Le temps est maussade à l’image de mon attitude, de ma vie, de mes actions. Mes mains sont gelées depuis des années, le sentiment que le sang ne circule plus dans mes veines, qu’il a glacé un jour d’hiver trop éloigné. La société en déperdition m’asphyxie. J’ai vingt ans, pas d’ami, plus de famille, plus d’attrait pour quoi que ce soit. Aussi loin que je puisse me souvenir, la morosité règne sur mon monde et c’est aujourd’hui que je me flingue.


Je ne suis que déprime, agacement, hurlements. Personne ne me supporte au boulot et pour cause, je ne supporte pas un seul de mes collègues. Quatre ans maintenant que je mets en boîte. Les cartons arrivent sur la chaîne devant moi et je dois les fermer, mouvement répétitif, lobotomisant le cerveau. Gérard ne parle que de sa moto, dans laquelle il investi toute sa paye. Roger ne parle que du jour où il va gagner au loto et disparaître sans laisser de trace. Géraldine pleure chaque jour, en arborant de nouveaux cocards sur le visage. François se délecte du pauvre petit pouvoir qui lui est attribué, chef de machine, chef de quatre personnes et le sentiment de contrôler la France … Aucune perspective ne se dessine pour moi et cette immensité mystérieuse au-dessus de nos têtes ne m’apporte que questions non solvables.
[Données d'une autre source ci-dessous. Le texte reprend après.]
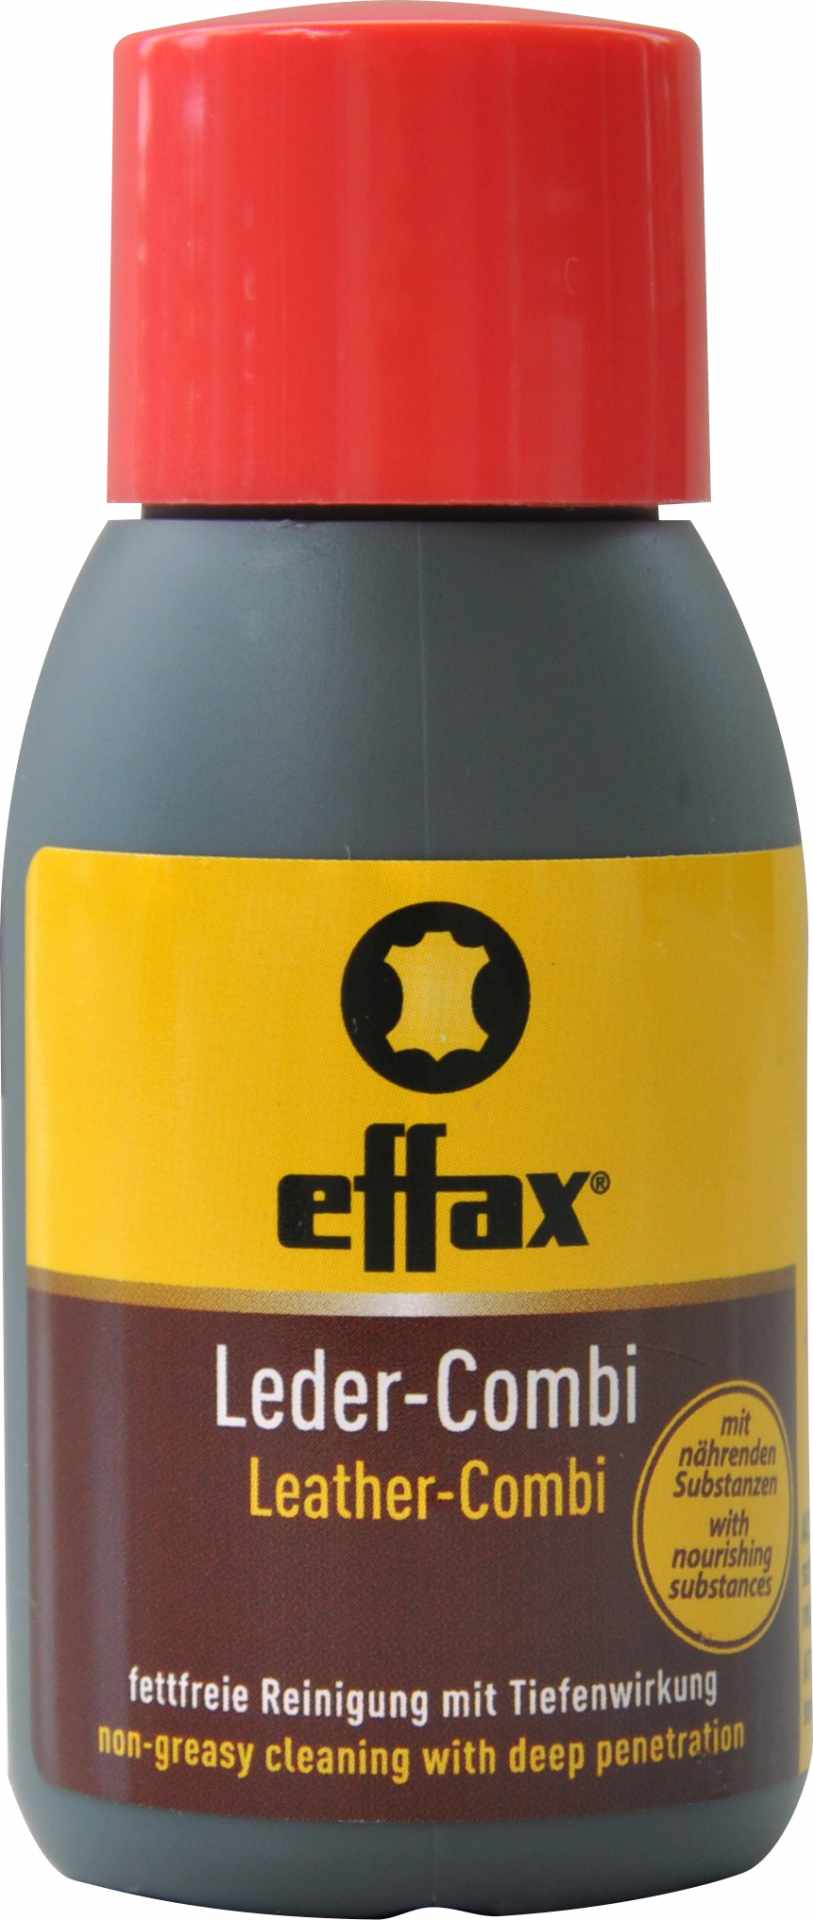 Effax-Leder-Combi

C’est assez, ce soir, je me tire une balle.


Une réunion sans intérêt de plus, ils vont nous faire miroiter que nous sommes les cellules de cette entreprise, que nous sommes essentiels, que nous seront récompensés prochainement, je ne pourrai y assister, je m’évade vers mon destin. J’ai lu suffisamment de livres déjantés sur l’au-delà pour me permettre un semblant d’espoir quant à la suite.


Je n’ai plus ouvert ce meuble depuis que j’y ai rangé l’arme, un gros fusil de chasse qui appartenait à mon Grand-père. Il ne me l’a pas vraiment légué, je l’ai ramassé à ses pieds lorsqu’il s’est fait sauter le caisson il y a deux ans. Les canons sont froids et il me semble encore déceler l’odeur de poudre, celle-là même qui a fait gicler la cervelle de Papy. J’en éprouve un certain réconfort, mourir de la même façon que la seule et unique personne au monde ayant eu de l’attention pour moi. Je ne devrai sans doute pas me trouver loin de lui après ce soir.
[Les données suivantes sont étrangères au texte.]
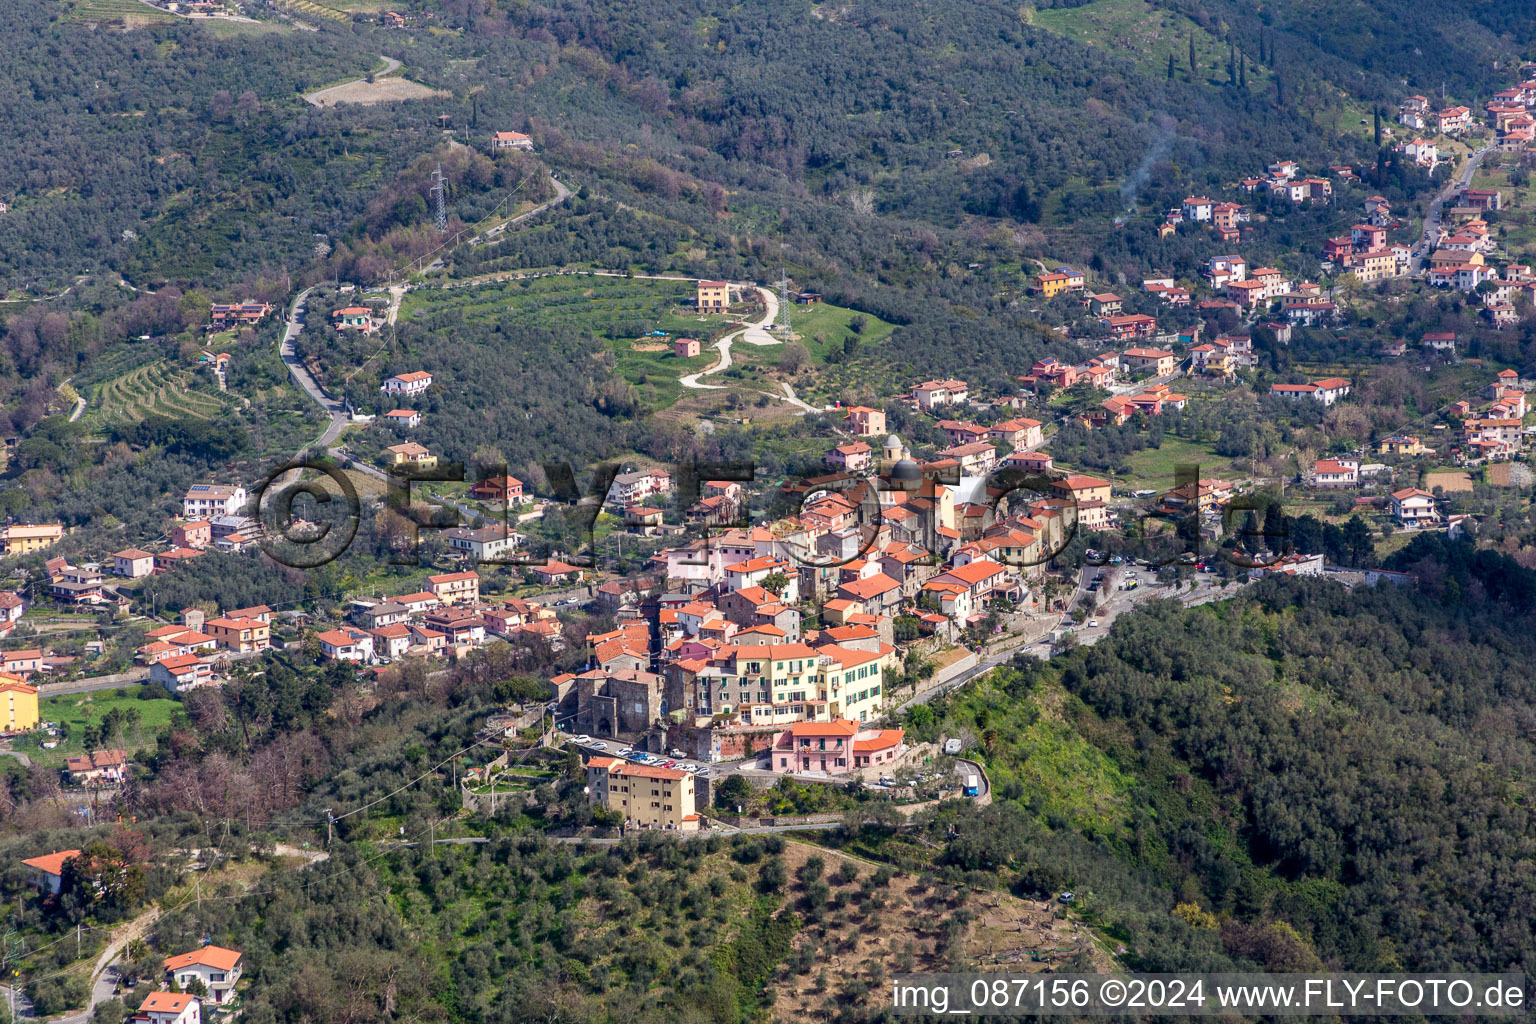 Village view in Nicola in Ligurien, Italy

La forêt est sombre et dense, quelques gouttes traversent le plafond de feuilles et émettent un bruit sourd en s’écrasant sur le tissu épais de ma veste. Nous sommes comme ces gouttes d’eau sur mes épaules, insignifiantes, dérisoires et éphémères. Les cartouches s’entrechoquent dans ma poche, une mélodie lugubre accompagnant ma progression vers la clairière morbide, devrais-je dire vers la liberté ? C’est ainsi que je vois mon action, pourquoi encore sentir le poids du monde sur mes épaules ? Puis-je obtenir un minimum de répit avant la fin ? Papy m’offre alors un sourire dans mon souvenir, merci, c’est réconfortant, il approuve ma décision.
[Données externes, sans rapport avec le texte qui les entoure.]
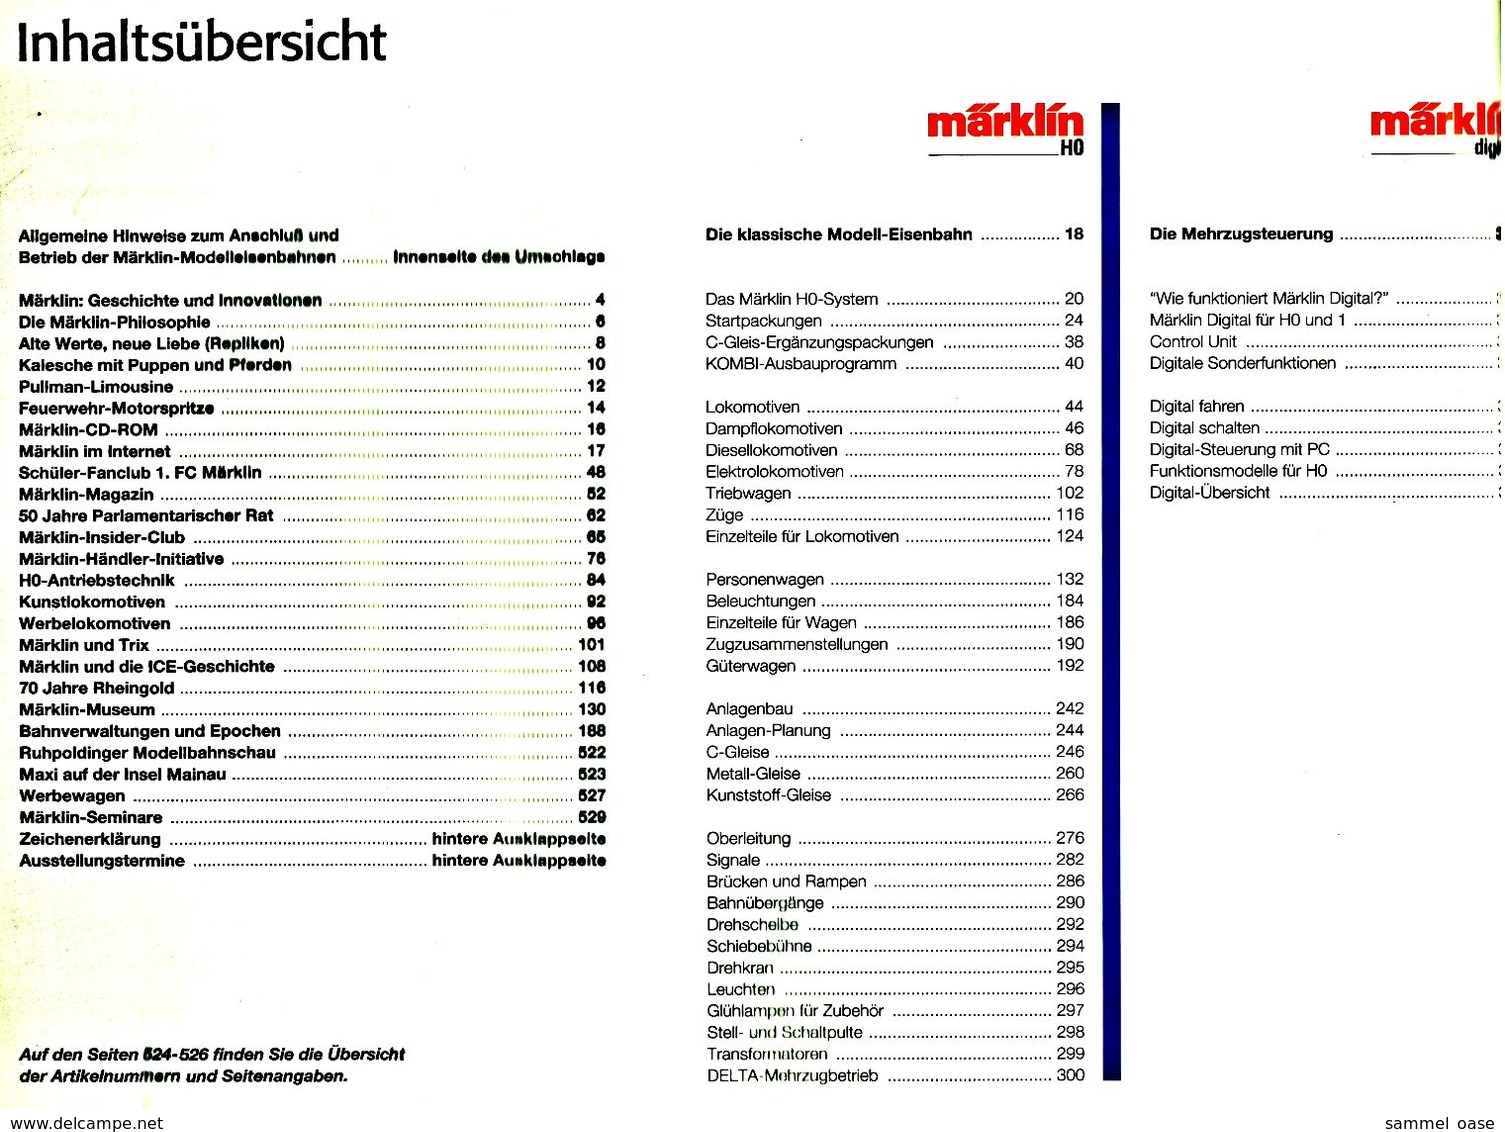 Märklin Katalog Gesammtprogramm 1998/99 DI  -  528 Seiten - Duits

En pénétrant dans la clairière, je sors la fiole de whisky de l’autre poche et en avale une grosse rasade. C’est mon habitude en ce lieu, comme si l’usine ne me fournissait pas suffisamment de routine, il a fallu que je rajoute des gestes répétitifs à ma pauvre vie. Combien de soirée ai-je passé en ce lieu, seul, à regarder le ciel par cette trouée étrange dans les arbres, trouée qui semble ne laisser passer que les démons de l’au-delà. Je rumine, je pleure parfois les êtres chers, en me saoulant à en perdre la tête. Mais ce soir, je veux garder les idées claires, être pleinement conscient de mon geste, ces gorgées ne servent qu’à maintenir ma détermination.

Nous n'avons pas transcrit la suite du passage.